Custom CNN structure
Custom CNN structure

Transfer learning

The second approach was to try and use a pre-trained network on top of the resized images. We choose VGG as it has a less complex network than other state-of-the-art, being more intuitive to work with. For all the experiments, the last fully connected layers were substituted with the same structure as the fully connected layers in and weights reinitialized. two different experiments were performed:

  • Freezing the first 11 layers and training the remaining with a learning rate 10 times smaller.
  • Freezing the first 14 layers and training the remaining with a learning rate 10 times smaller.

The first experiment freezes all convolutional layers up to the third stack of convolutions, and fine tune all the layers that follow. The second experiment does the same, but with fine tunning only higher level features. Both experiments cutting points are illustrated in picture below.

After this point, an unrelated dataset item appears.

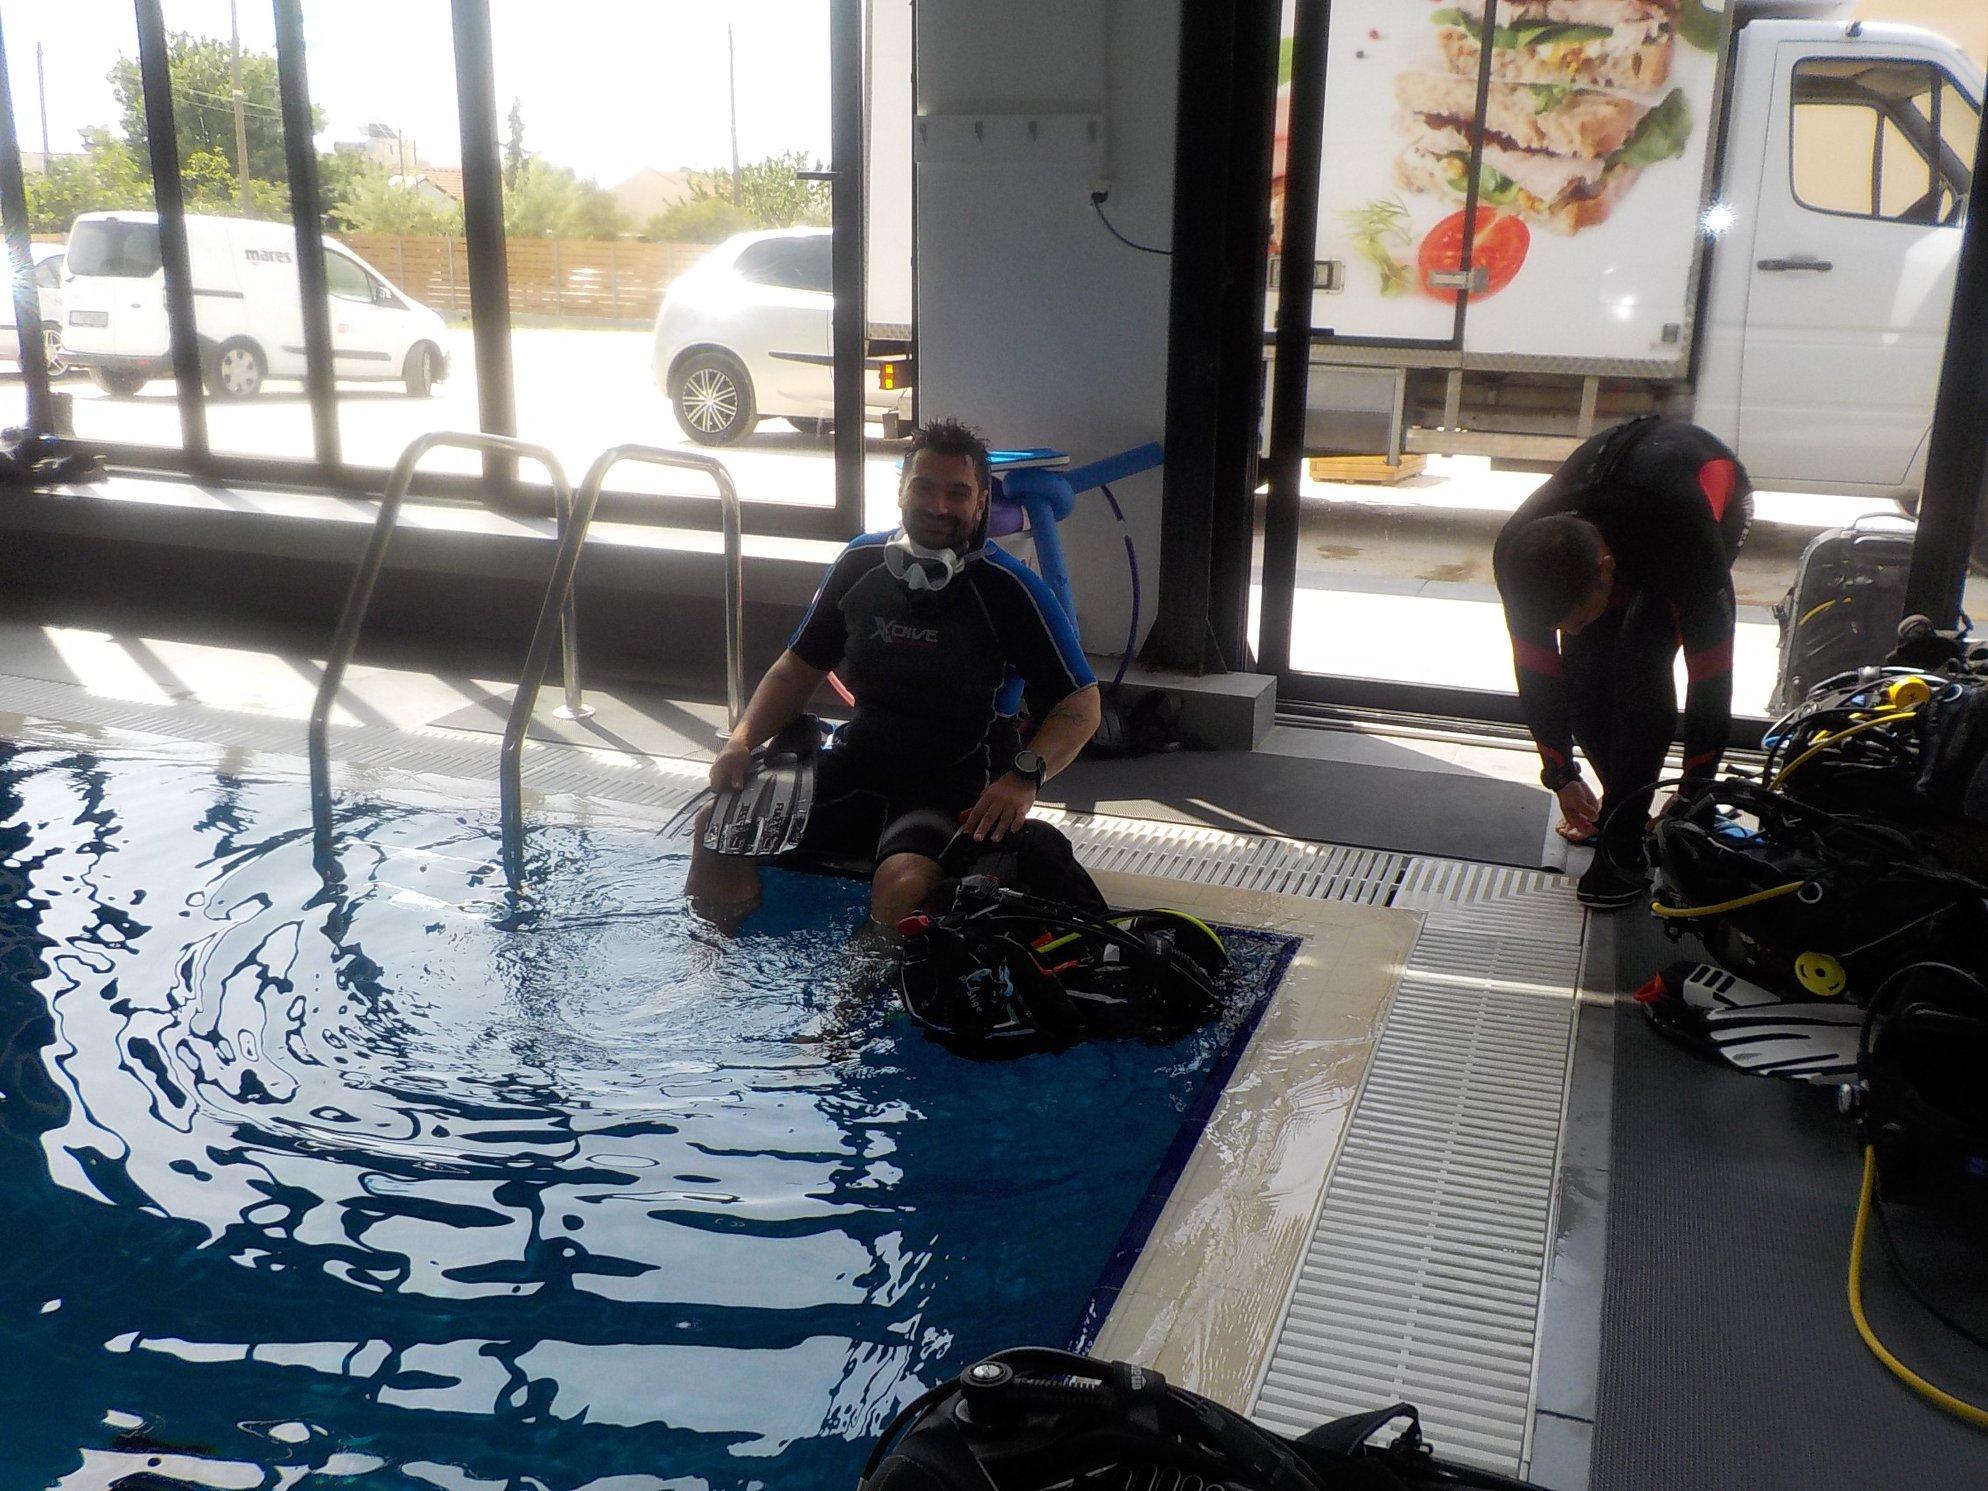 σχολεία εκπαιδευτών απο intermare divers

Transfer learning structure with cuts
Transfer learning structure with cuts

Spatial transformer

At first, we began our experiments with spatial transformer on famous MNIST dataset. This was done to test the performance of the model on a small and simple dataset and make sure our code work. For our localisation network, we used the following structure shown in picture below.

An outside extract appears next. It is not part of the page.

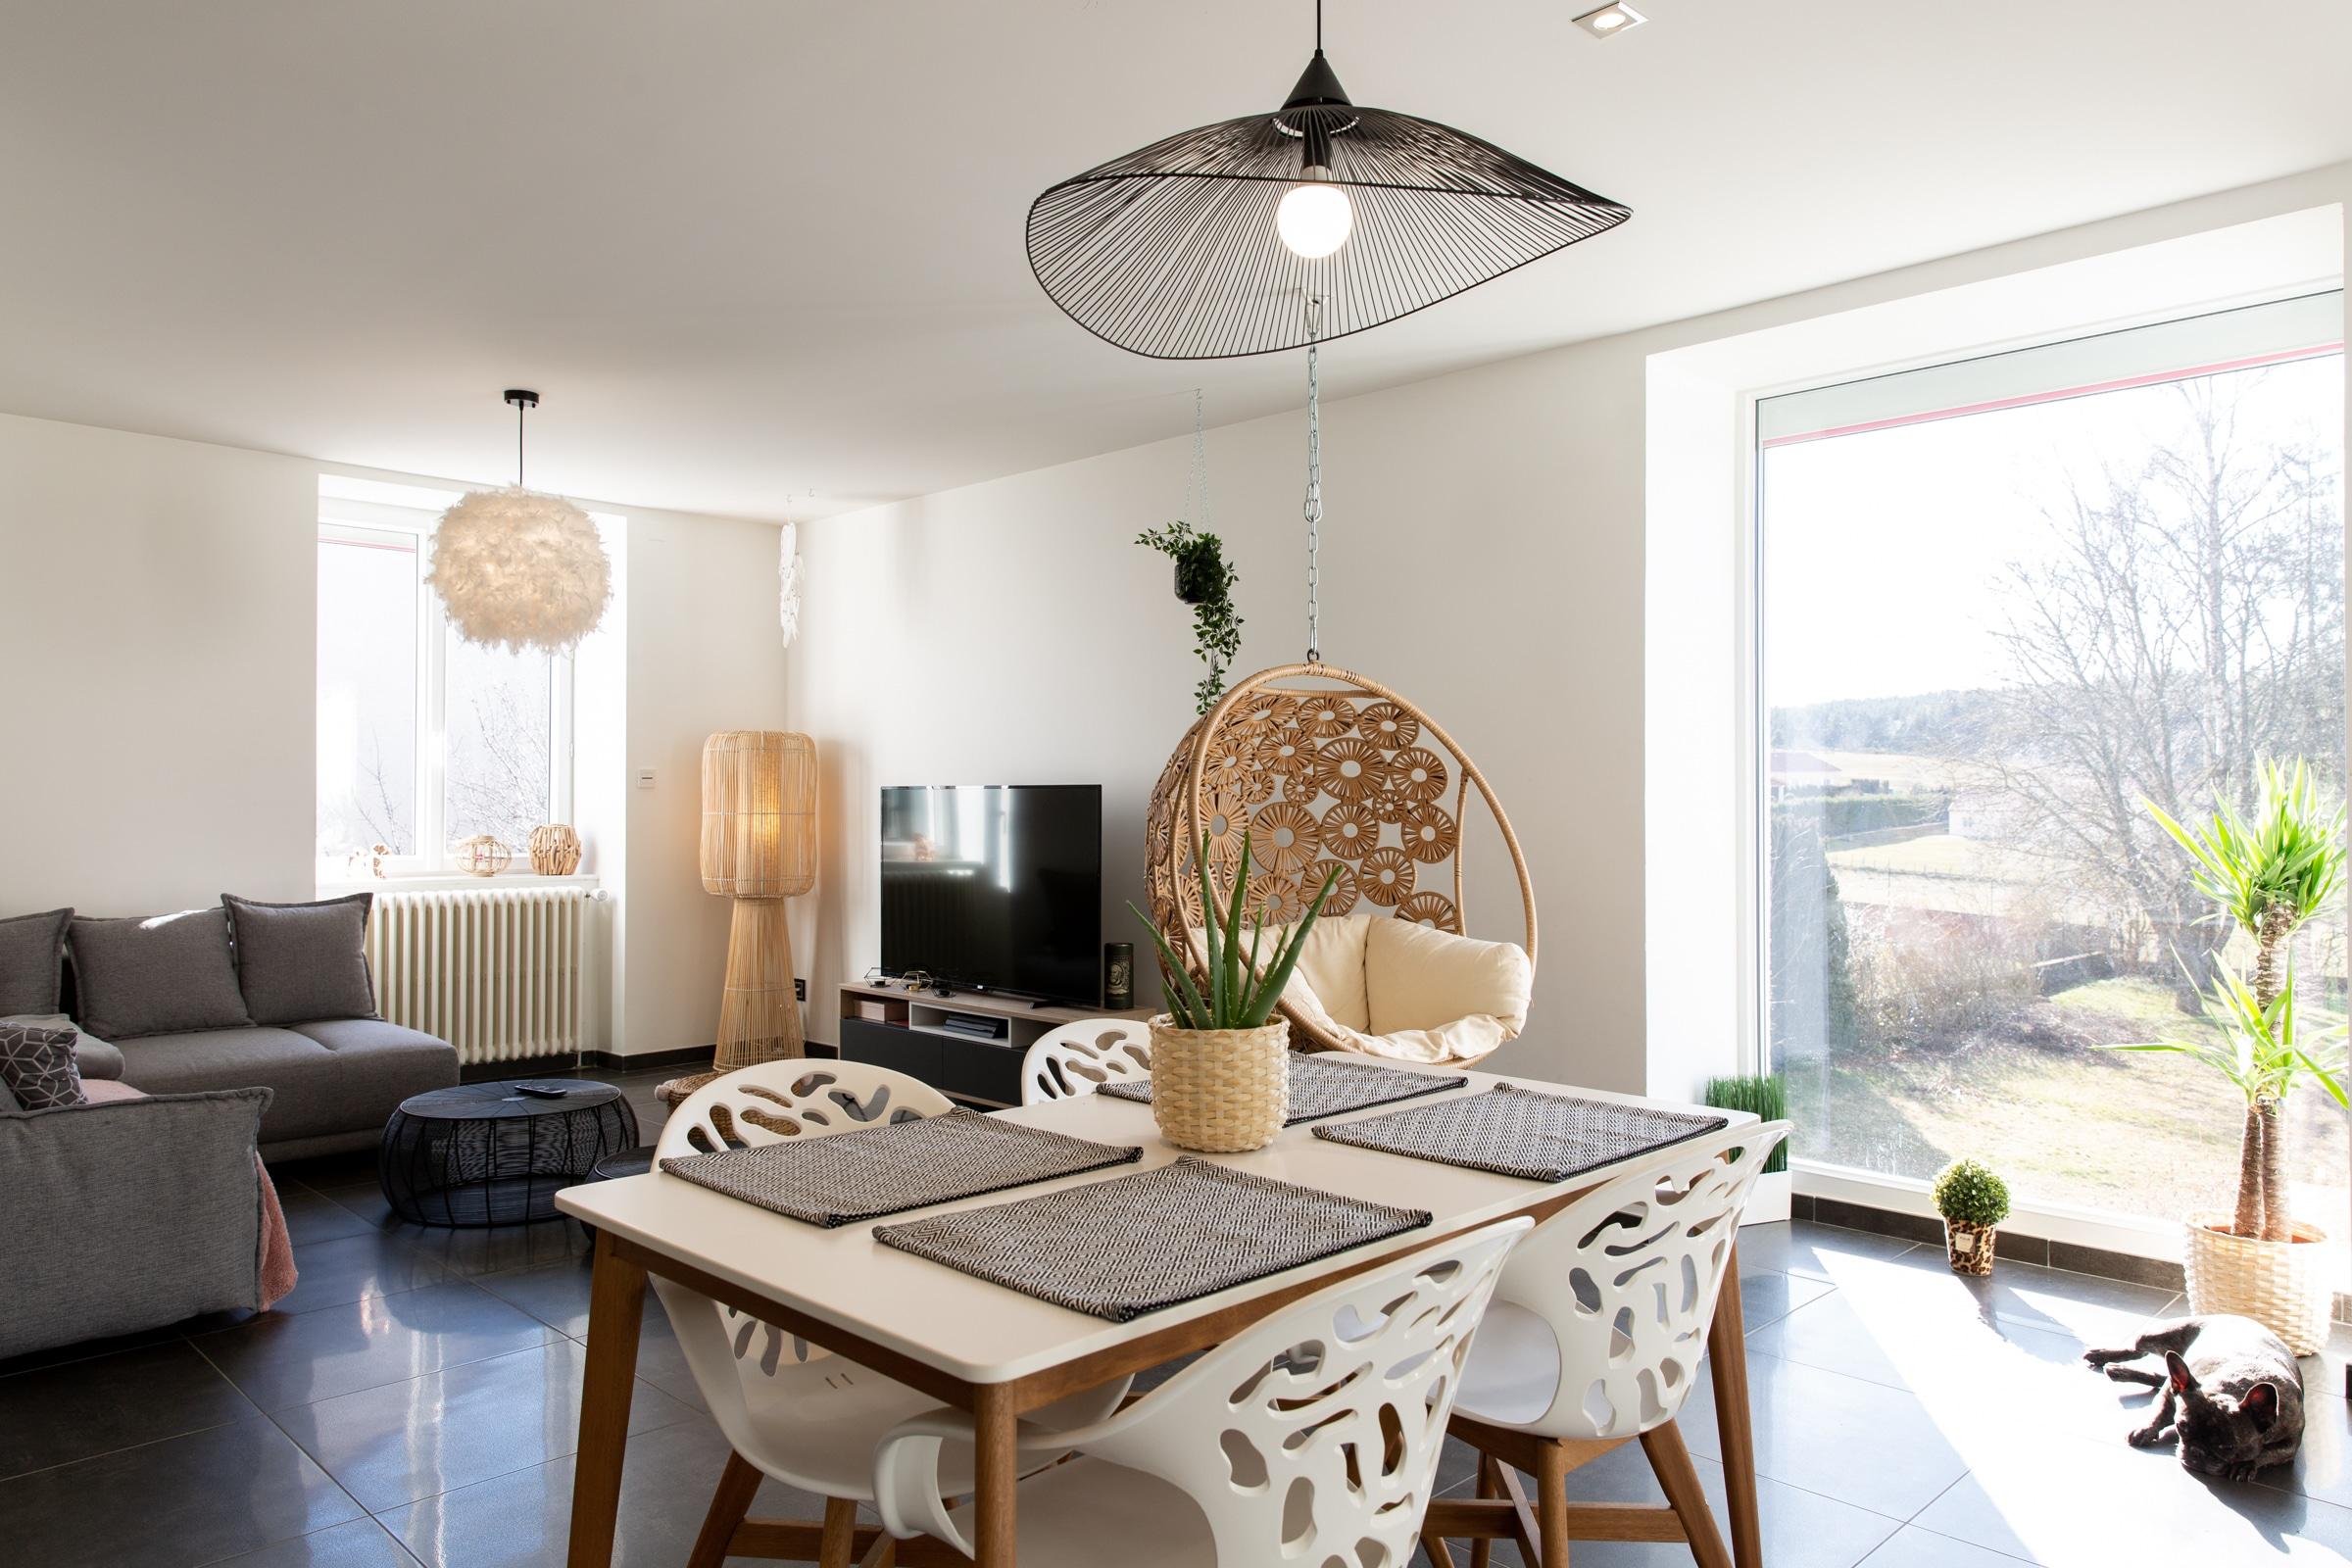 almuneau-architecte-architecteurs-neuf-renovation-agencement-decoration-RGE-langogne-salon-bois-douceur-nature

Spatial transformer structure
Spatial transformer structure

For the classification after spatial transformer we used custom CNN model. After successful try on MNIST we tried to implement the same spatial transformer both to custom CNN with dermatology dataset and to transfer learning.

Data augmentation

At the end of our project we also came up with idea to test dataset augmentation, because sometimes this can improve results quite drastically.

Firstly, as we are dealing with dermatology diseases which both have red hue, overexposing the images could help the classification task. With this technique the skin becomes almost white, while the disease region increase in color. To achieve this library was used providing us with adaptive histogram equalization which enhanced the details and increased image exposure. The result is shown in figure.

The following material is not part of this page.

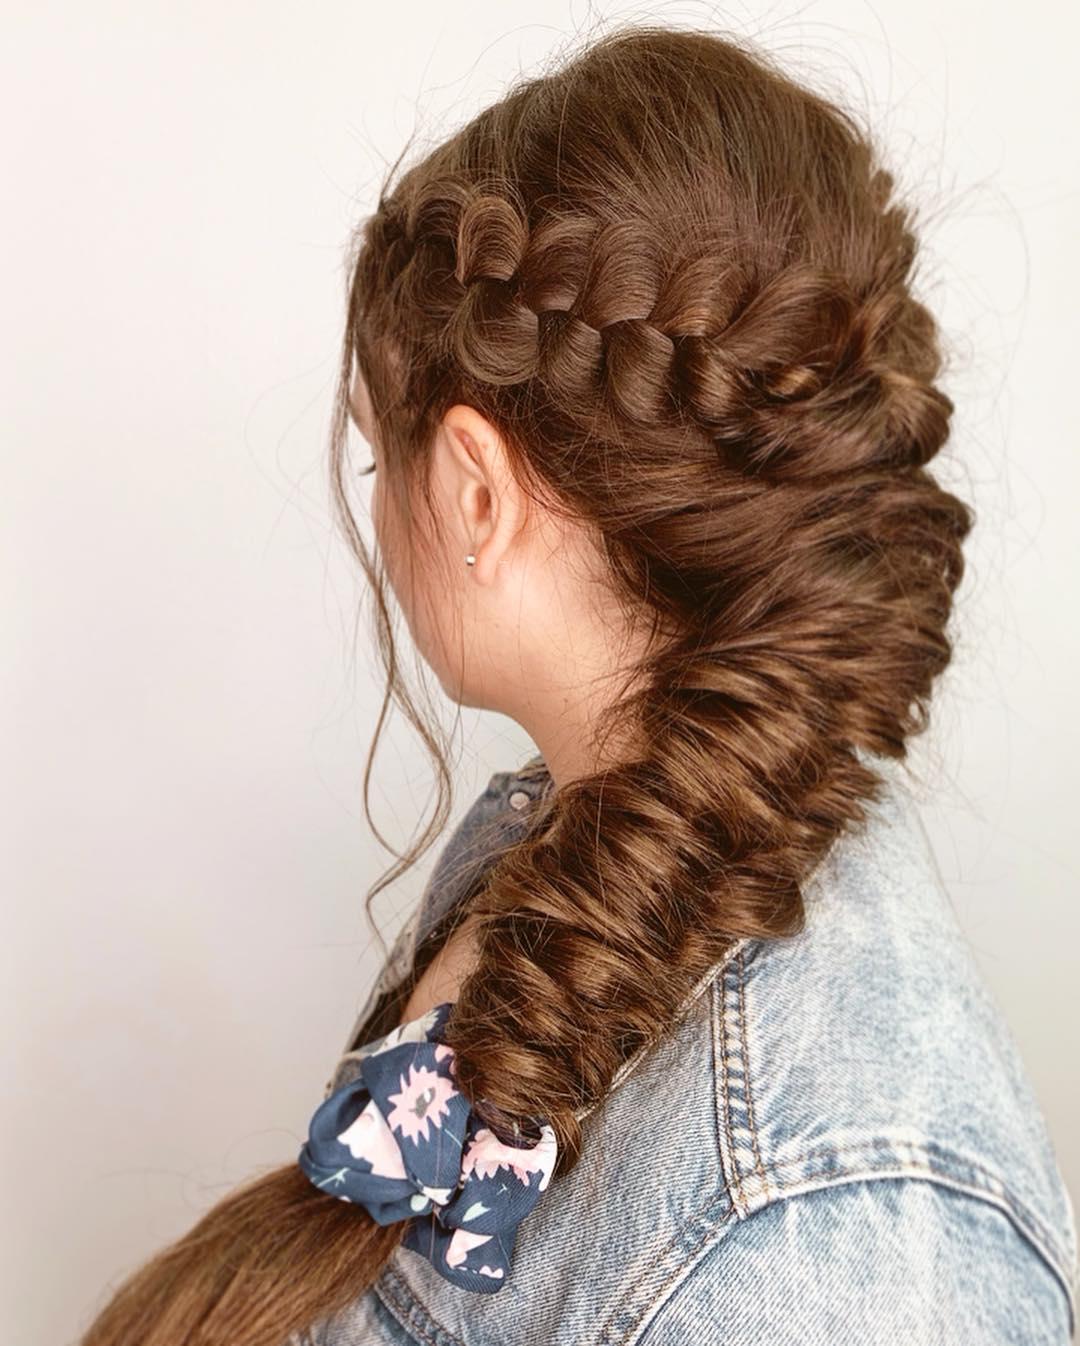 Novas-tendências-de-cabelo-para-fashionistas:-Penteados-modernos

Example of overexposed image
Example of overexposed image

Secondly, we also experimented using some transformations that could increase the classifier robustness. The augmentation was done randomly for each transformation in a given range at each epoch. An example of a transformed image is shown in the picture. The following transformations were used:

  • rotation: random rotations of up to 40 degrees
  • width and height translation : random horizontal and vertical translations of up to 20% of the total width.
  • Shear transformation: up to 0.2 shear angle in counter-clockwise direction as radians
  • zoom: randomly zooming on up to 20%
Example of transformed picture
Example of transformed picture

So how about the results?

In this project we have created a model that distinguishes 80% of the times correctly between Eczema vs. Cutaneus T-celle Lymfoma/Mycosis Fungoides diseases. Moreover, the model classifies correctly cases of Cutaneus T-celle Lymfoma/Mycosis Fungoides more often than Eczema. Given the accuracy achieved that is still a modest result, it is a significant improvement over the base model of 68%. Overfitting was the biggest challenged faced across experiments. We attribute overfitting to two main causes: non-relevant pixels on the original image and dataset size. Furthermore, transfer learning coupled with data augmentation proved to be the best techniques to face this issue. Another challenge was to locate the disease affect area in the image in order to avoid noise pixels. Unfortunately, doing so using a spatial transformer did not work. We believe that this can be due to a very complex dataset with heterogeneous noise and/or the localisation network being too simple.